Caradoc experienced anguish for the drowned people and animals, for the ruined hayricks, cornfields-it would be a hard summer for the survivors, and an even harder winter.

Yet holy Glastonbury still stood. Beautiful, beautiful it was, crystalline under the bright new moon reflected in its skirt of floodwater, an island of glass. The Island of Glass.

Sucking in breath that couldn’t fill his lungs, he turned his eyes to the graveyard awaiting him.

A flicker of movement caught his eye. Three cowled figures were pulling on ropes that dragged something up the slope from the abbey’s great gate. Too far away for him to hear any sound they made, they seemed like ghosts. And perhaps, Caradoc thought, that is what they are-for what human could be abroad and busy in this devastation when even the owls and nightingales were silent?

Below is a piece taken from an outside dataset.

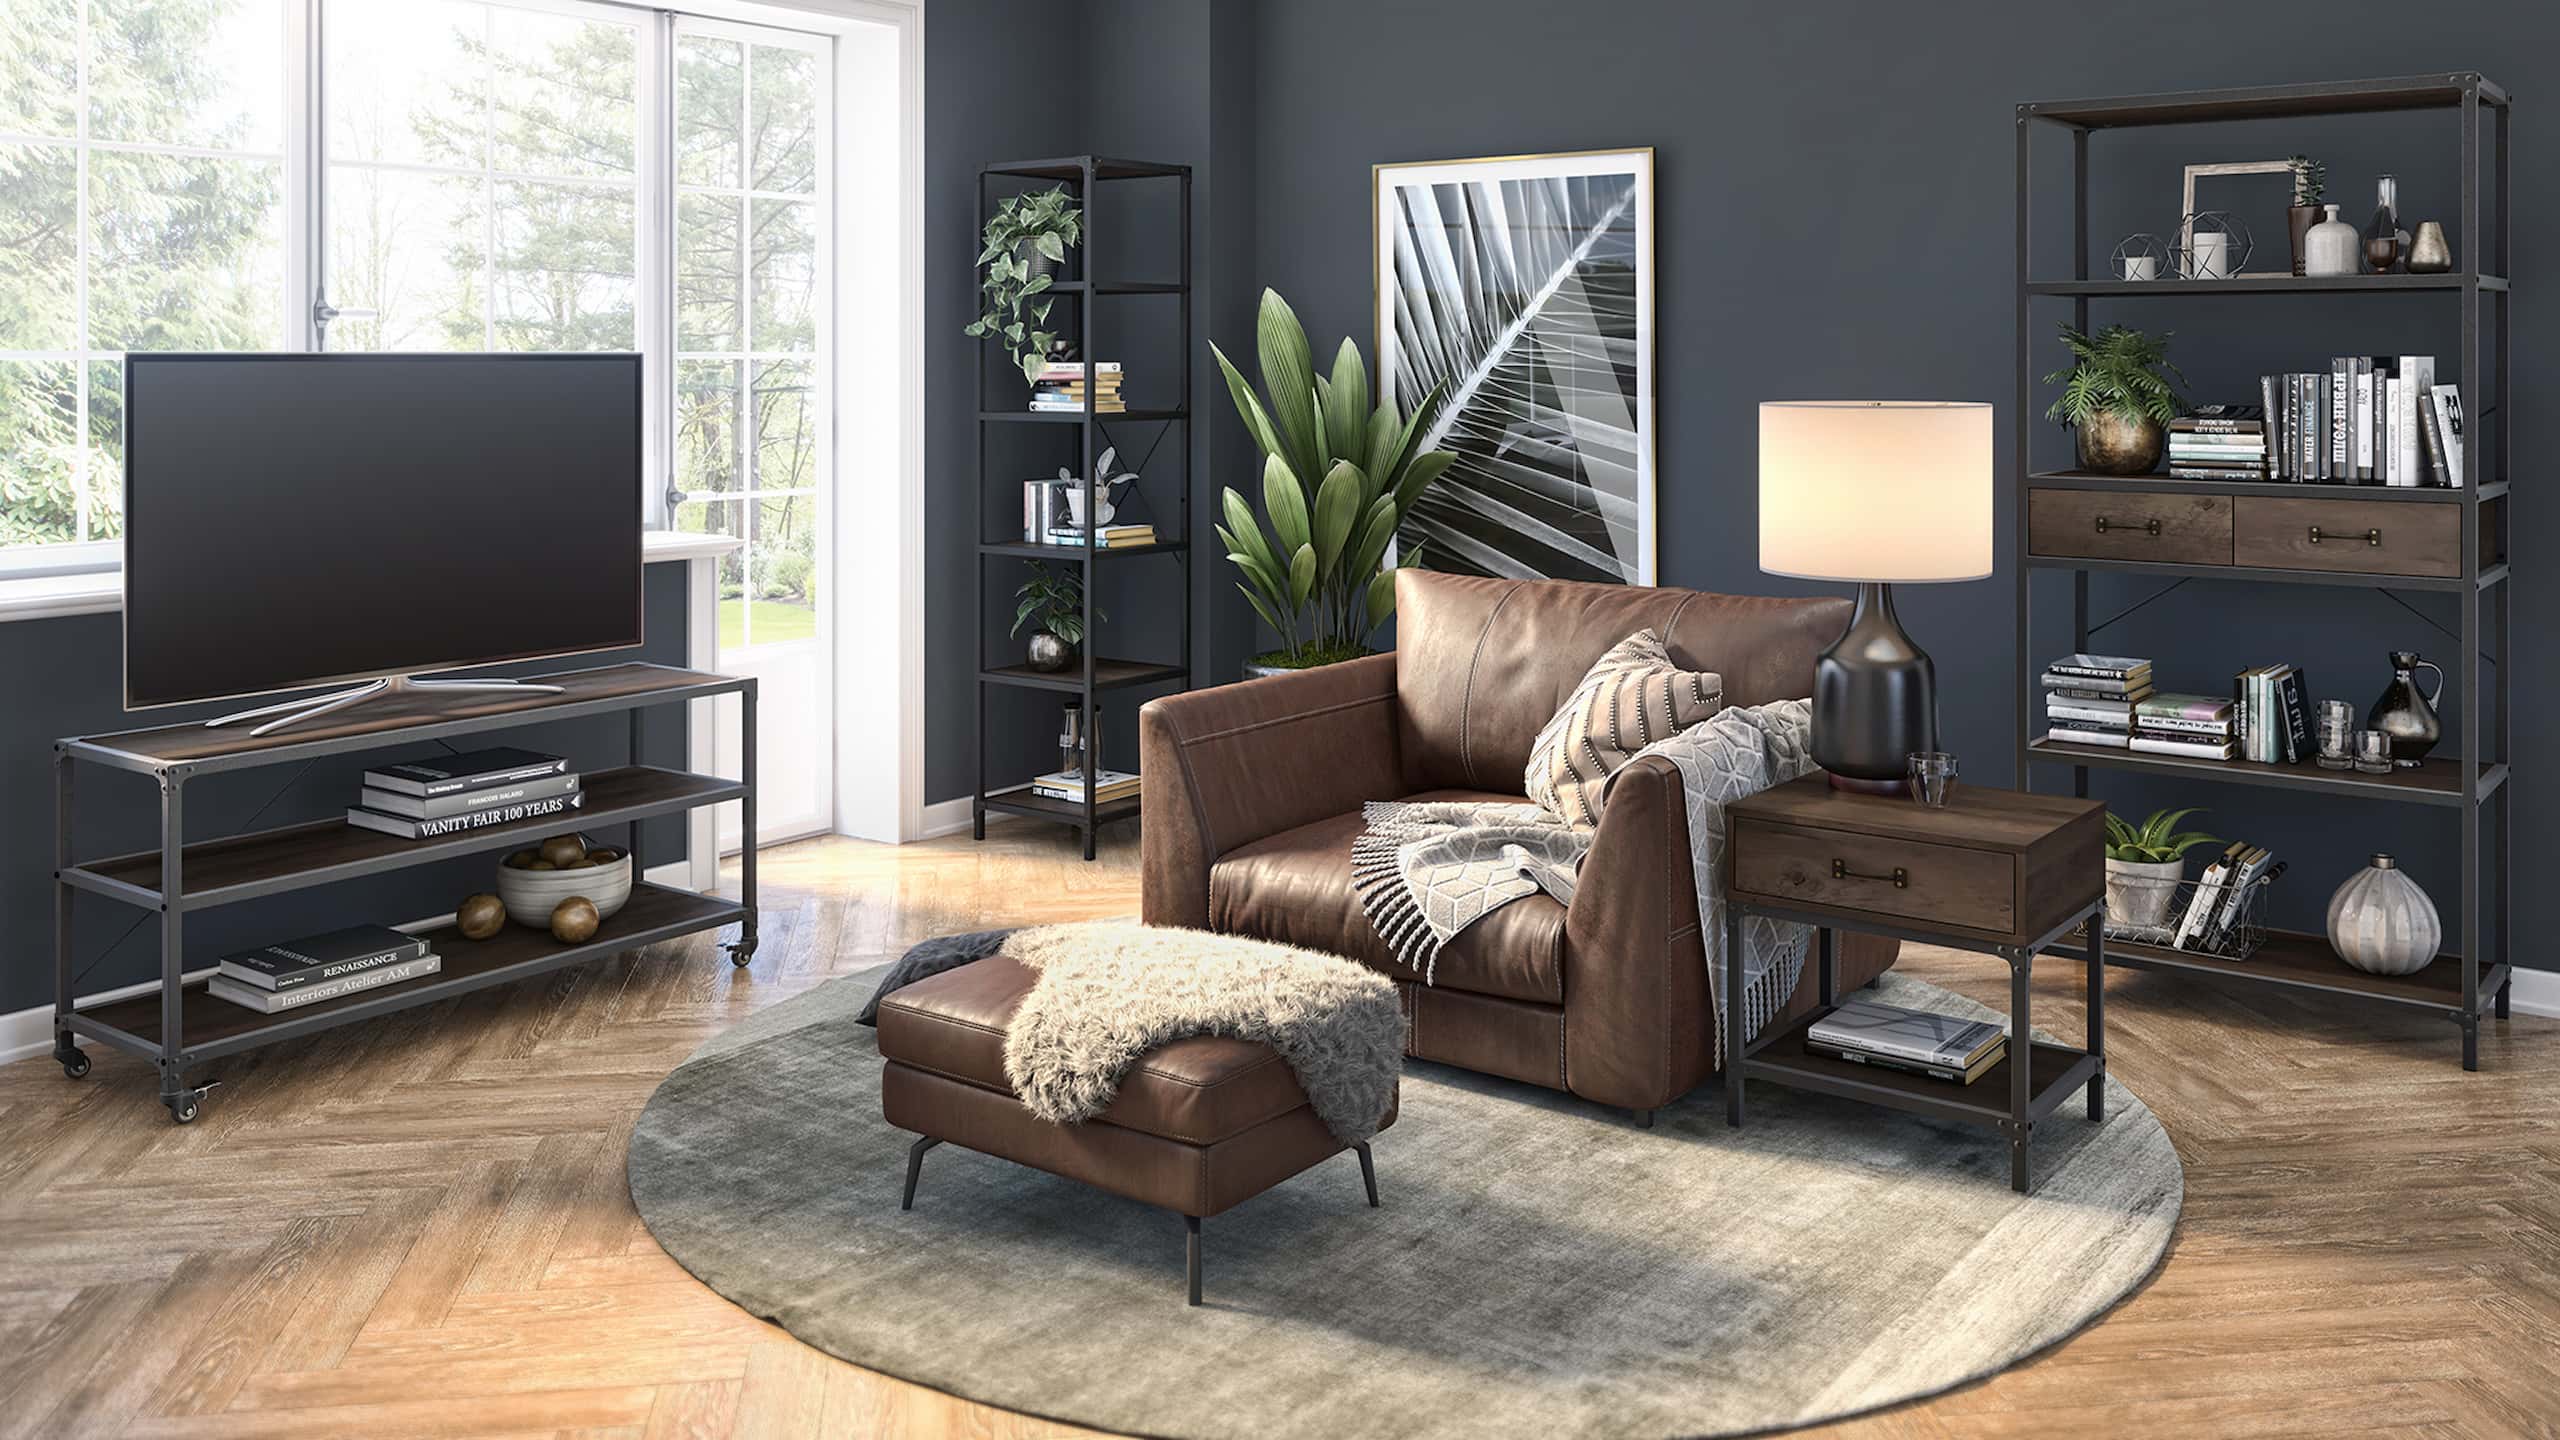 Upscale living room with Bestar furniture

He couldn’t make out what it was they were hauling-it had the shape of a great log, or a canoe. Then, as the figures came to the fissure in the ground that the earthquake had opened, he saw what it was. A coffin.

They were lowering it into the fissure. Now they were kneeling, and from the throat of one of them came a great shriek. “Arthur, Arthur. May God have mercy on your soul and mine.”

There was a moan from the dying monk. “Is King Arthur dead, then?”

For Caradoc, though a Glastonbury monk these thirty years, had believed that King Arthur was merely resting, waiting, until he was called to rise and fight the devil’s hordes once more. And he rested here.

Avalon was Glastonbury, Glastonbury was Avalon, the Isle of Glass indeed, and Arthur slept somewhere among these hills, with their hidden caves and crystal springs. Arthur the brave, Arthur of the Welsh, who’d resisted the seaborne invaders and kept the flame of Christianity flickering in Britain during its Dark Ages.